Uncomfortable Conversations With a Black Man, by Emmanuel Acho: I’m glad I watch podcast guest Daniel‘s What Is Politics? videocast to learn what causes dominance hierarchies so I know that skin color may correlate with it, it doesn’t cause it. Racism exists, but Acho’s attributing to white people what results not from their skin color perpetuates the problem he wants to solve.

I’m also glad to have experienced growing up as a minority and even being mugged so I could learn that skin color didn’t cause black people to act like my experience of black people. Their skin color doesn’t make them muggers and whites’ doesn’t make them colonists.
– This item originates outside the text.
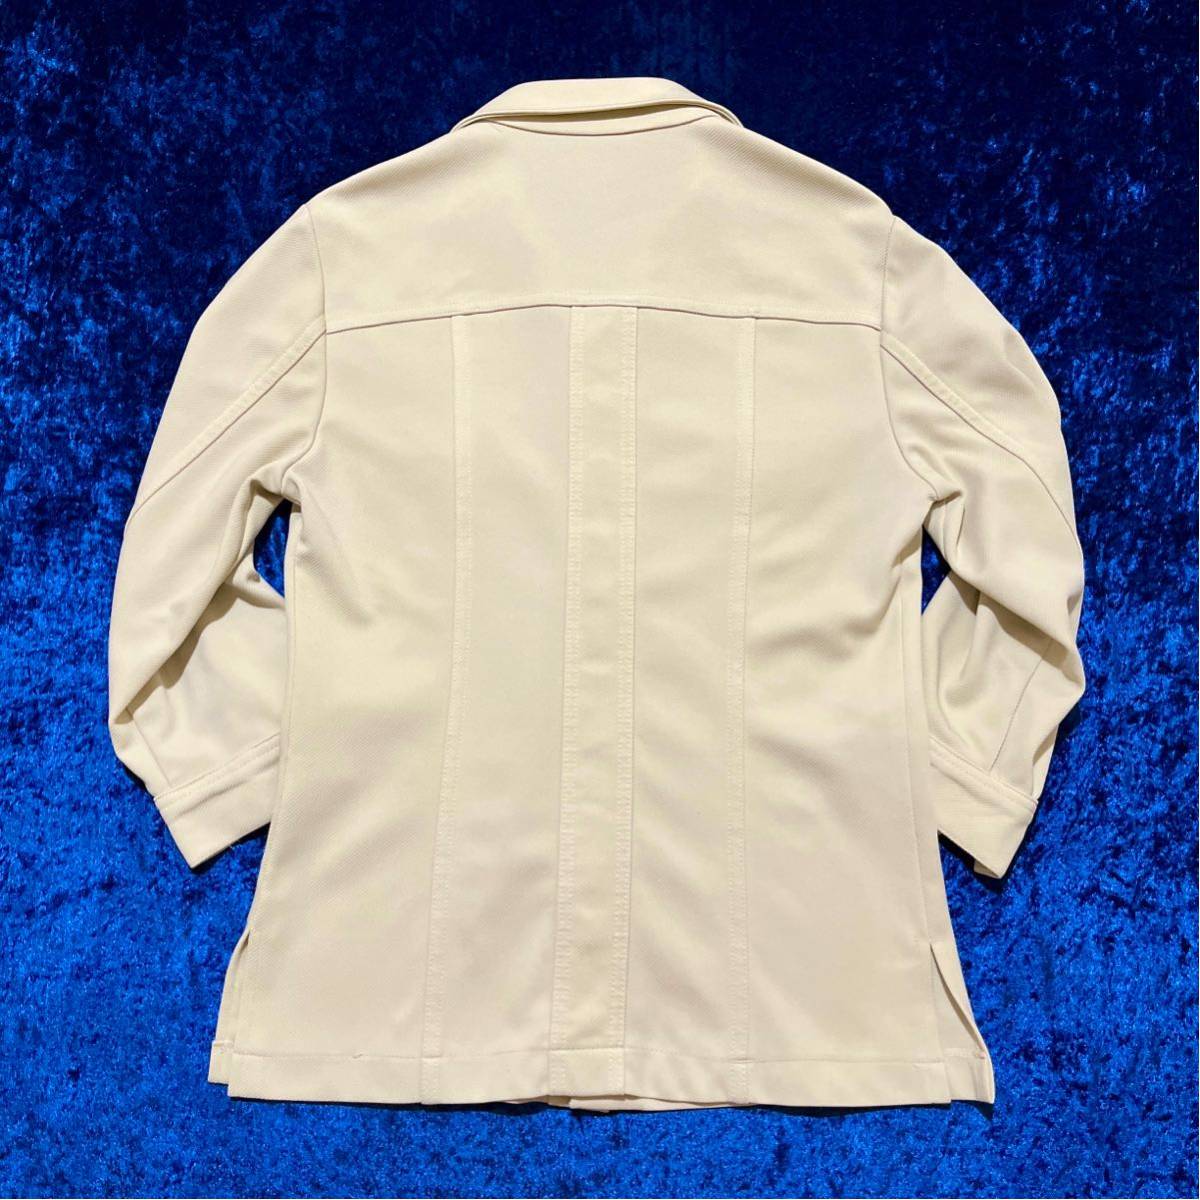 70*s Lee рубашка жакет поиск : б/у одежда Vintage retro 70 годы Made in USA
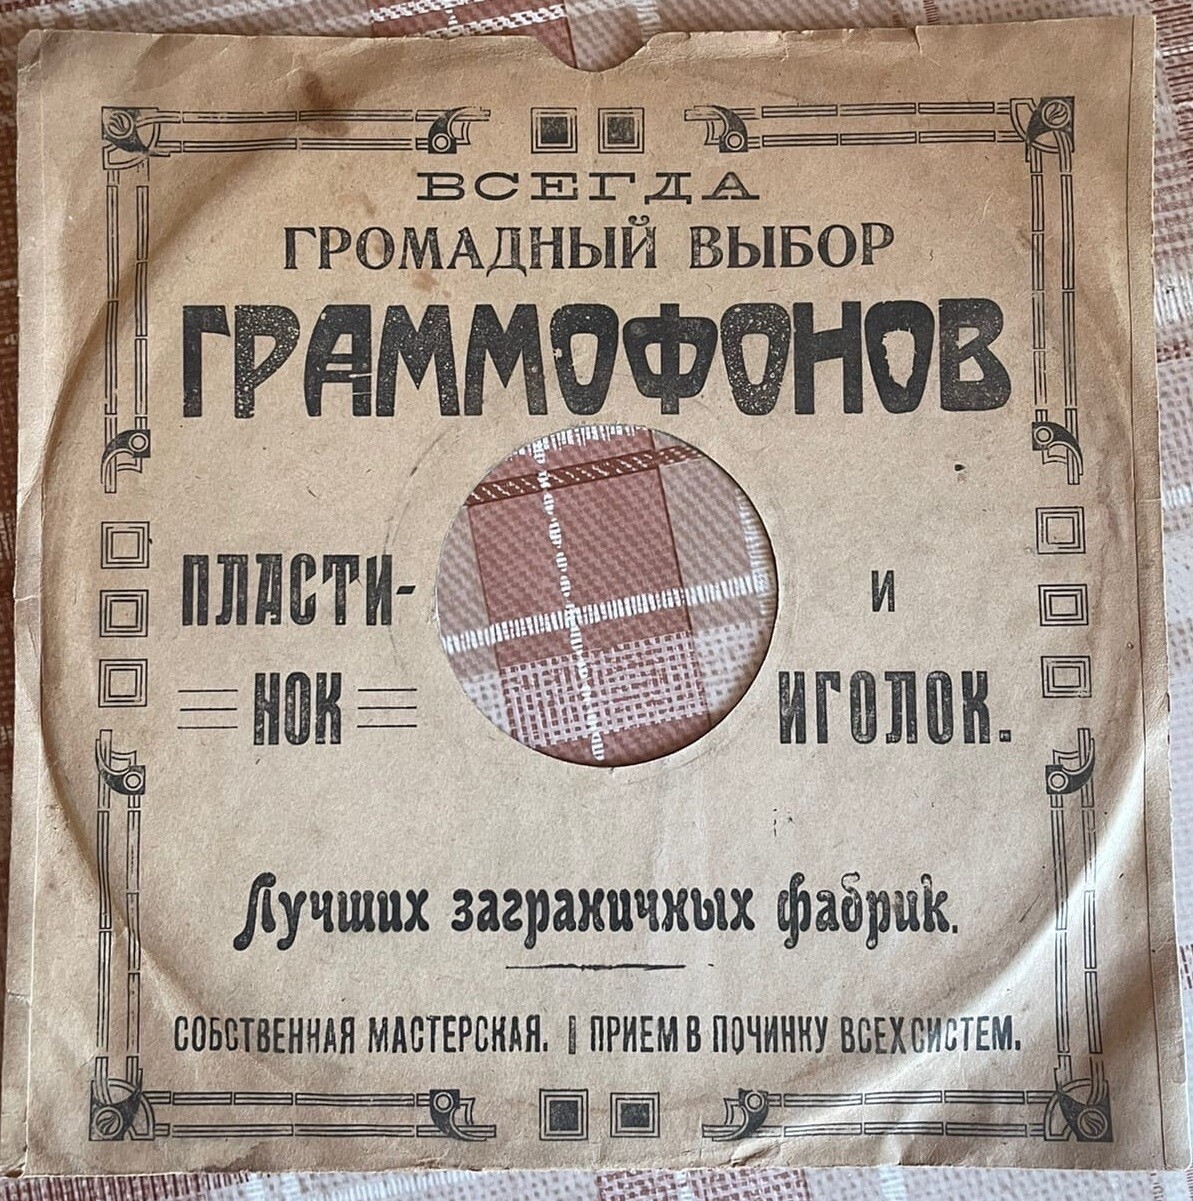 Всегда громадный выбор... (конверт начала 1920-х годов). Кооператив "Граммофон", Москва. Вариант

If we want to solve the problem, it helps to understand the problem, not misidentify it. Read my book when it comes out for that understanding. It’s for people who want to understand our environmental problems so we can solve them, but it covers race too since they overlap. They overlap as problems as much as they overlap in nearly everyone misunderstanding them.

The Social Dilemma: Normally I wouldn’t put a Netflix special here, but I happened to watch this show on how corporations in social media and beyond addict us and devote resources to refine and improve their addicting techniques a couple hours after posting I’ve learned to enjoy just thinking. My post described the opposite of becoming addicted.

I see social media as a type of doof. I can’t believe how long it took me to figure it out and cut it out of my life.